Friday, December 30, 2011

Doors




Well, we are in the midst of the holidays. Everyone is sick. And work is getting ready to gear up for the New Year crunch. I finally had a moment at a coffee shop this last week, while waiting for someone, and got in a quick 20 minutes on the WishfulRPG! That's the true beauty and fun of this ridiculous project. It's only 20 minutes stints.

Doors. I implemented doors.

They are a deceptively tricky game feature to do. They essentially amount to all sorts of special case code dependent on events and so forth, but this is exactly the kind of feature you want to implement to see if your game code is structured correctly.

In short, mine isn't. Yet. But I know what to fix. For now, it works, and working goes a long, long way when you are rapidly prototyping things. You are better off throwing things together quickly and getting them working, than spending hours or days or weeks pontificating on elegant designs.

Partially, this is because elegant designs unveil themselves with experience. And partially because when making digital creations, we are not making physical castles. It's easy to change things and throw things out (provided you haven't accrued too much code debt.) It's also very easy to over design something before you build it.

So doors are working, crapfully.

The problem is that all the terrain is tiles, but a tile is just a sprite that can be rendered. And there is a collision model provided by pygame. Really, what we want is a snap-together component model for game objects.

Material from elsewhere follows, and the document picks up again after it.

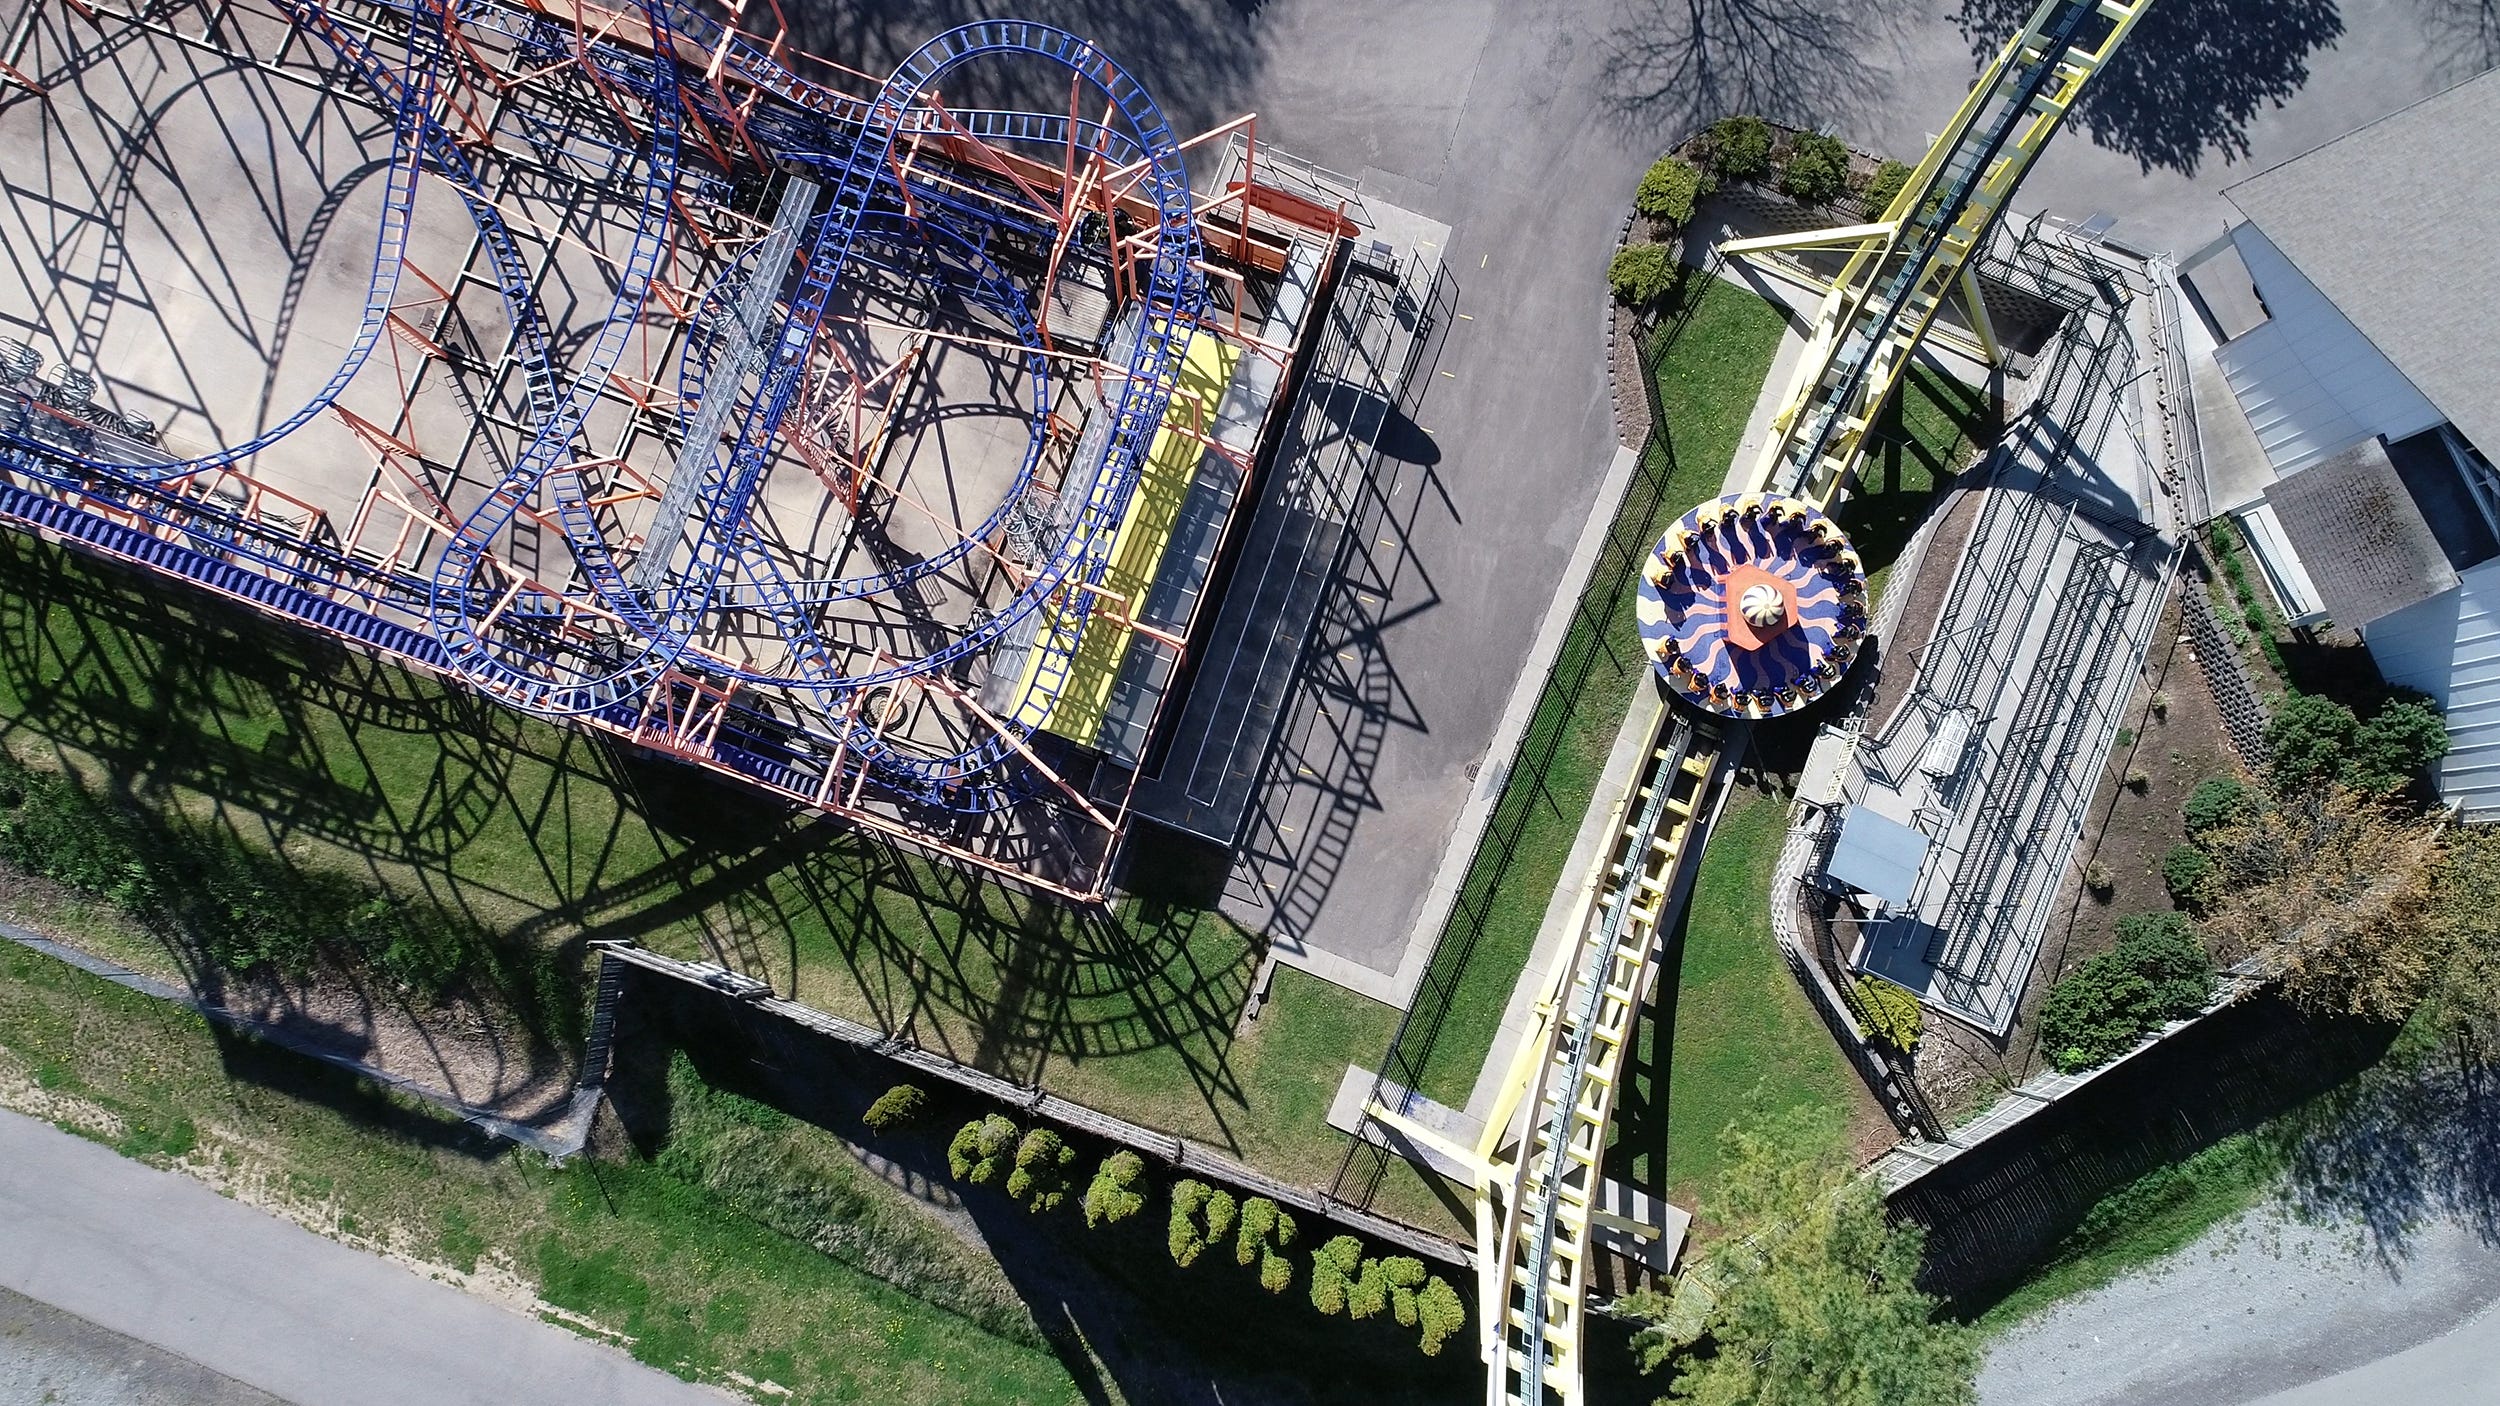 A view from above of the Whirlwind and Revolution 360.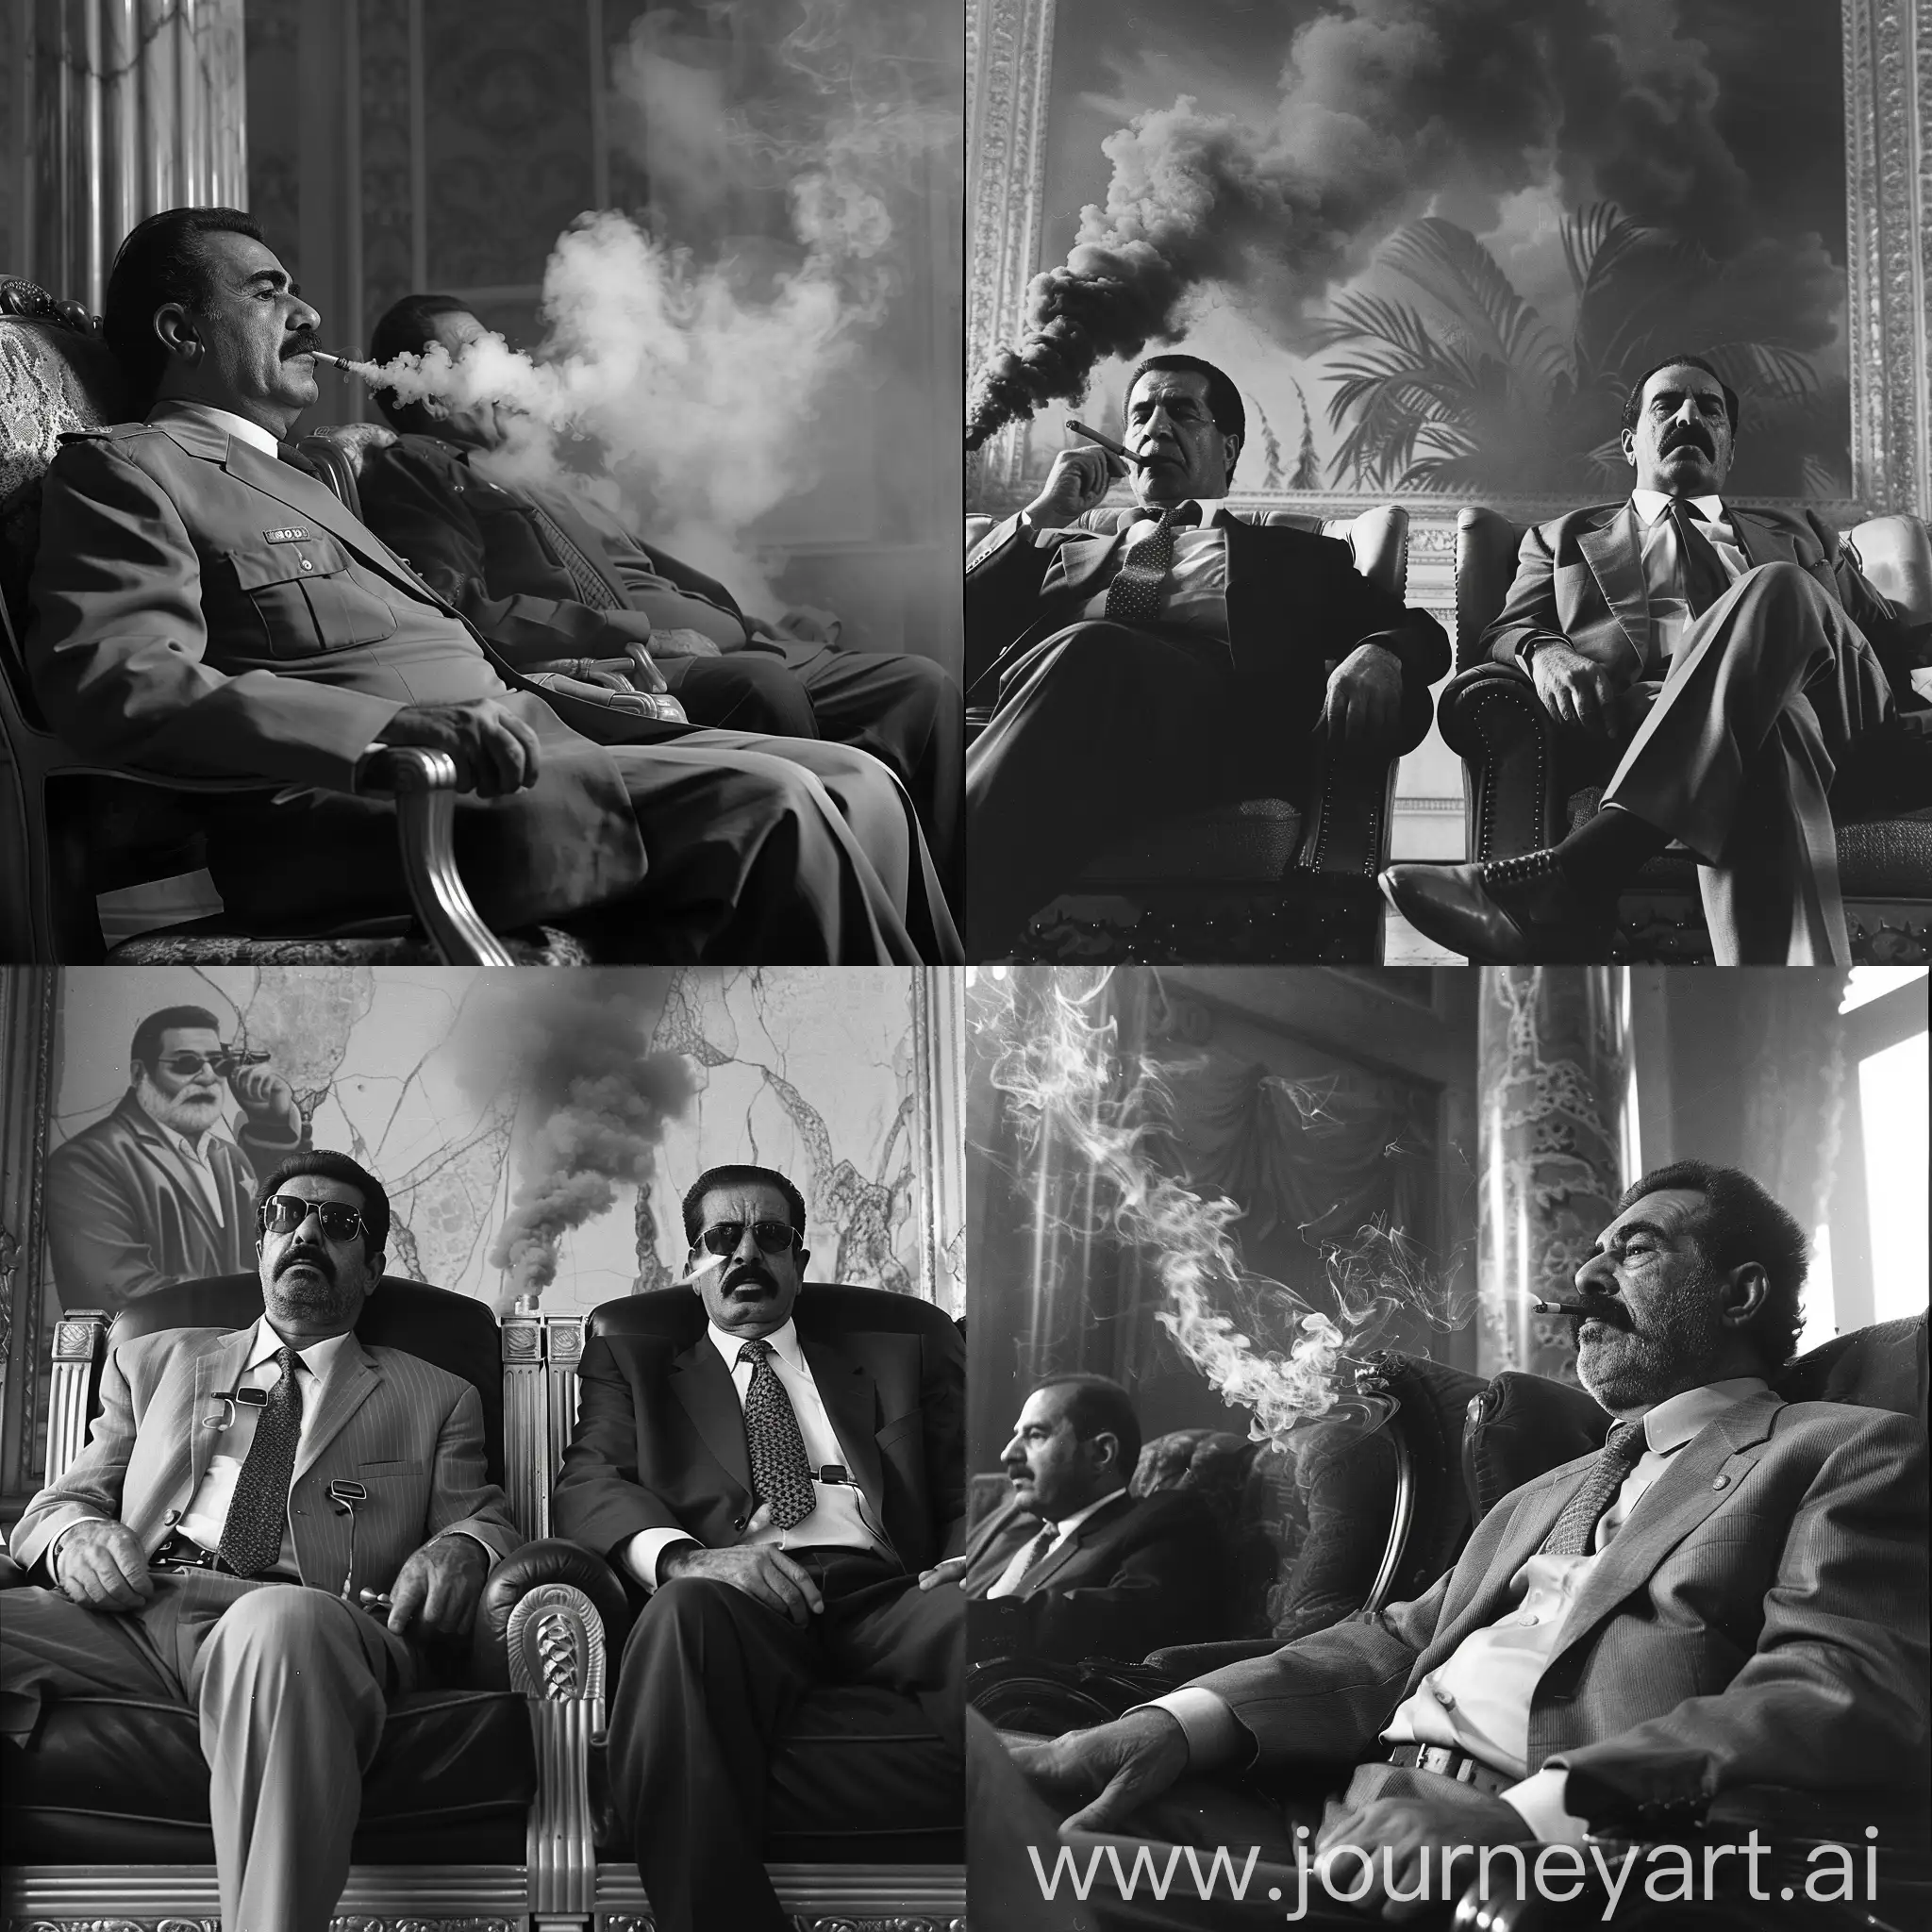 Saddam-Hussein-and-Companion-Smoking-in-Presidential-Setting-Vintage-Black-and-White-Photograph

That is to say, you can add on the ability to collide to an object. Or an object can be a tile. And it can be a trap. And a animated particle system. And it can play a unicorn fart noise when the avatar steps on it. Etc and so on.

So this means a fundamental rewrite and some foundation work to get a component system going for all these attributes and event responses and so forth. But I am going to put that off, and instead implement some portcullises, and sliding blocks, and triggers and other things. In a nasty and messy way. This should let me have an idea of just how I want everything to be cleaned up. So once I have some non-trivial stuff working, then we can fit it to a more elegant weapon for a civilized age. I should probably put a mob in there as well.